Several people have commented that if people can just walk out then the problem is the layout of the store, the layout of the store is in part dictated by exiting requirements. They don’t get to just funnel all exiting through the registers, they are required by law to have those huge open walkways to the front doors. They are trying to reduce merchandise walking out the front door while not impinging on exiting.

Who cares what the PoV of the door checker is? A representative of the store ALREADY confirmed that I paid for this stuff. If the store sets up things so that the left hand doesn’t know what the right hand is doing or they have merchandise AFTER the freakin register, that’s an issue for store management to resolve WITHOUT me being conferenced in on their bureaucratic nonsense.

As a small business owner, I would say, go somewhere that has no such policy, we don’t. :smiley:
I don’t blame them for doing what they are doing, major retail loss control is a big deal, to the tune of half a million a year at a single Walmart. Just to toss a couple sample numbers. Per my biz partner, an ex walmart dept manager, Walmarts goal on shrinkage is was .3%, managers could still recieve bonuses as long as shrinkage did not exceed 1%. The store he worked at did $110 million/yr. if an average store has somewhere in the middle of that range like .5%-.7% we are still talking about $500,000-$700,000 a year walking out the door. Every day you are looking at $1200-$2000 walking out the door.

That is why they are being dicks about it…there is serious money to be saved in it. Enough to pay several employees to stand at the door and look at receipts as well as have several other employees patrolling the store and or watching cameras.

If it was your store, and that was $1200 a day that was walking out the door that you could be putting in your pocket, what would you do?

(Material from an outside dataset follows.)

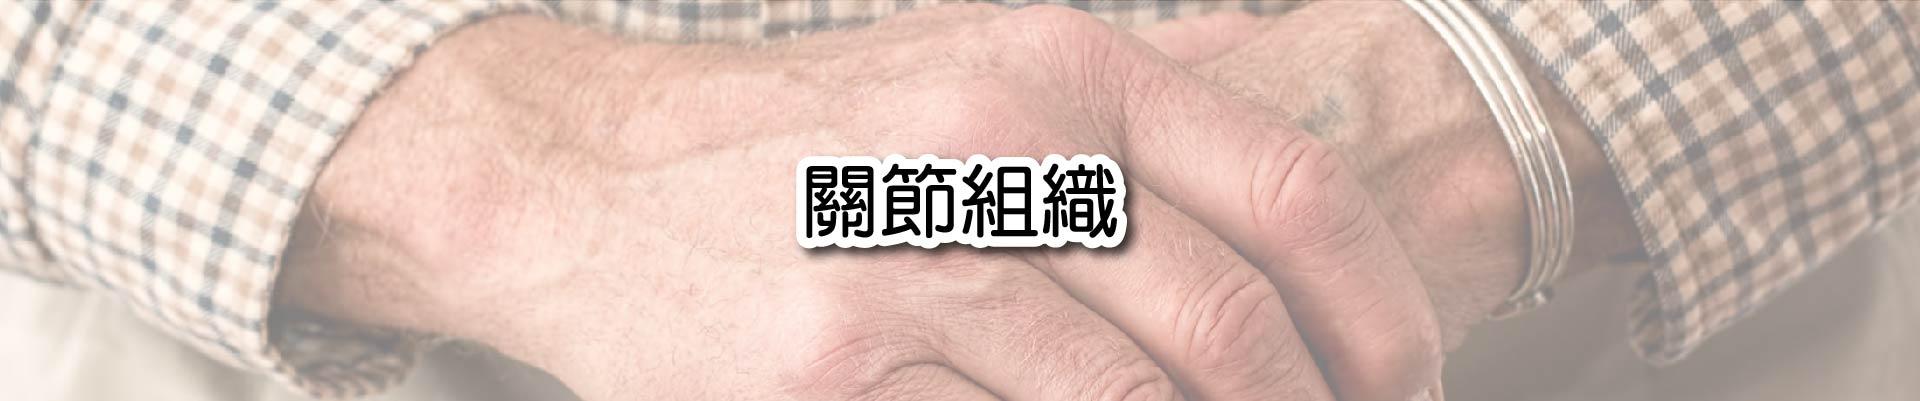 f-joint-tissue-1-11.jpg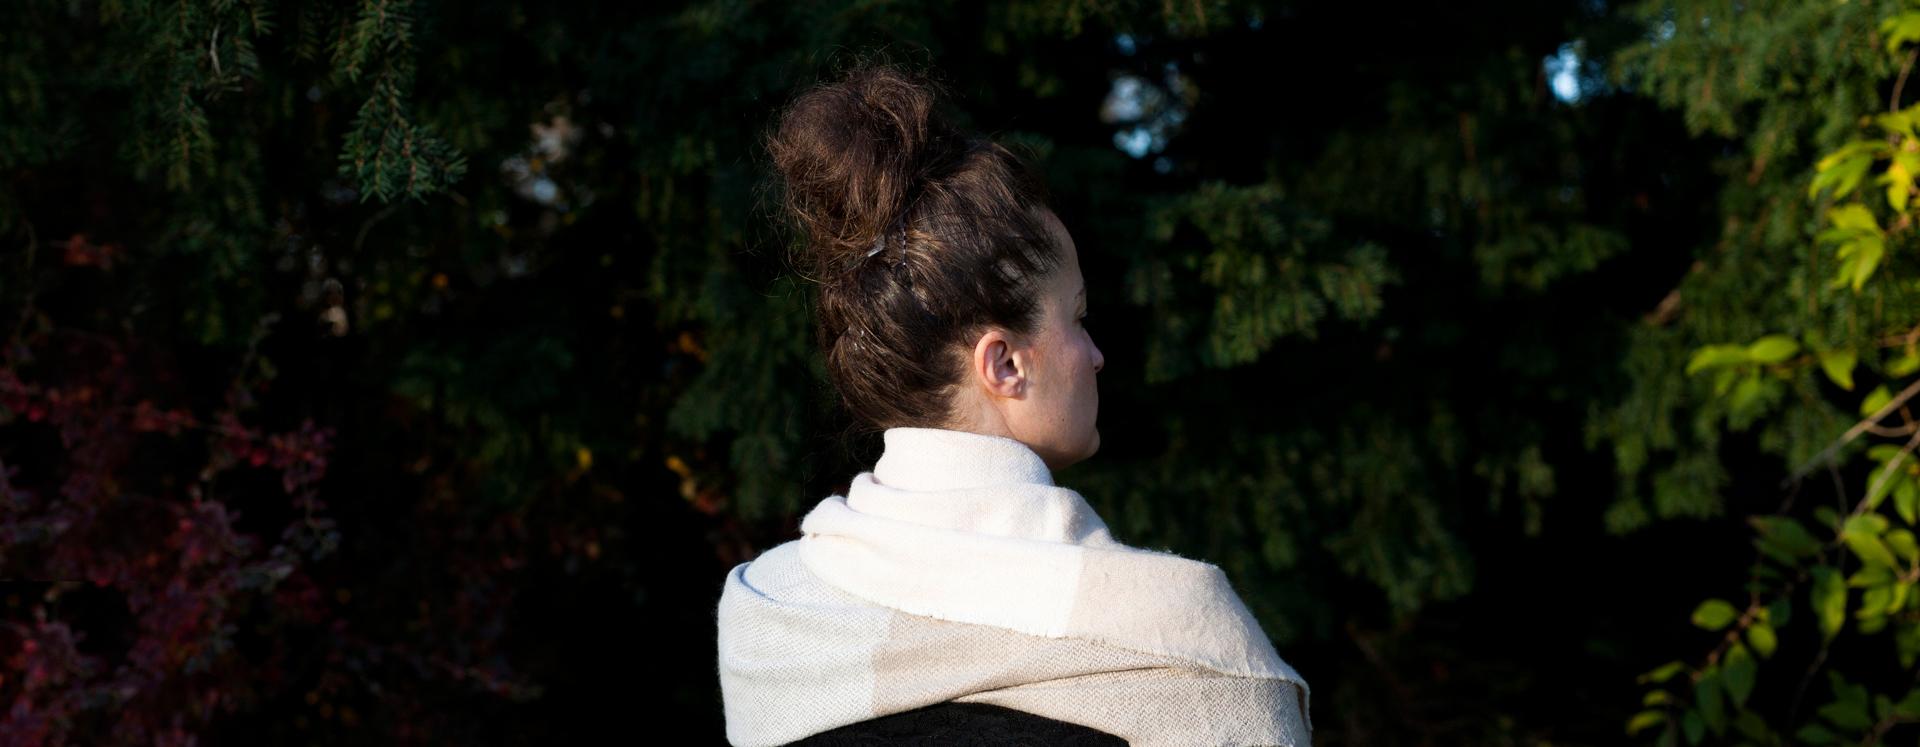 Anonym voldsudsat kvinde på krisecenter står ved nogle buske

From my years in retail in California, I had this drilled into my head - I could only attempt to stop someone from leaving the store with merchandise if:

  1. I had personally seen them enter without the item.
  2. I had seen them pick up the item in the store
  3. I had maintained them in my vision the entire rest of the time they were in the store (ie, they hadn’t had a chance to set it down after I’d seen them pick it up) AND
  4. I had seen them go past the register with clear intent to leave, without paying for the item.

ALL FOUR of those had to have happened in order for me to even approach someone and say “Excuse me, would you like to pay for that book you slipped into your purse earlier?” If any of those 4 items didn’t qualify - if, for example, I had seen them slip the book into their purse, but had let them out of my sight afterwards - the store could be sued when I confronted the (potential) shoplifter.

They can’t stop you from leaving, but they can attempt to grab and hold onto what they believe is “their” merchandise without committing assault. If you have an opportunity to settle this amicably and fail to take the opportunity, then the court is not going to hold them to as high a penalty. Back to the question of what is “reasonable”. Is it “resonable” to as for proof of purchase as obvious merchandise leaves the store? Is it reasonable that a checker doesnot recognize an old ratty backpack as “not merchandise”? Is it reasonable for someone to argue for 5 minutes instead of producing a receipt and settling the issue in 10 seconds?

I agree with the “why should I show it - I’m annoyed” POV when I end up in a big line full of stupid people at the Costco exit; where there are 2 checkers but the sheep are all lined up for one checker at the front of the line blocking anyone from going around them to the second checker.

So your store never caught a shoplifter…

You do not have to see them enter without the item, and none of the shoplifting statutes I have seen require that distinction. If that was the case “I had this the whole time” would be a bulletproof defense.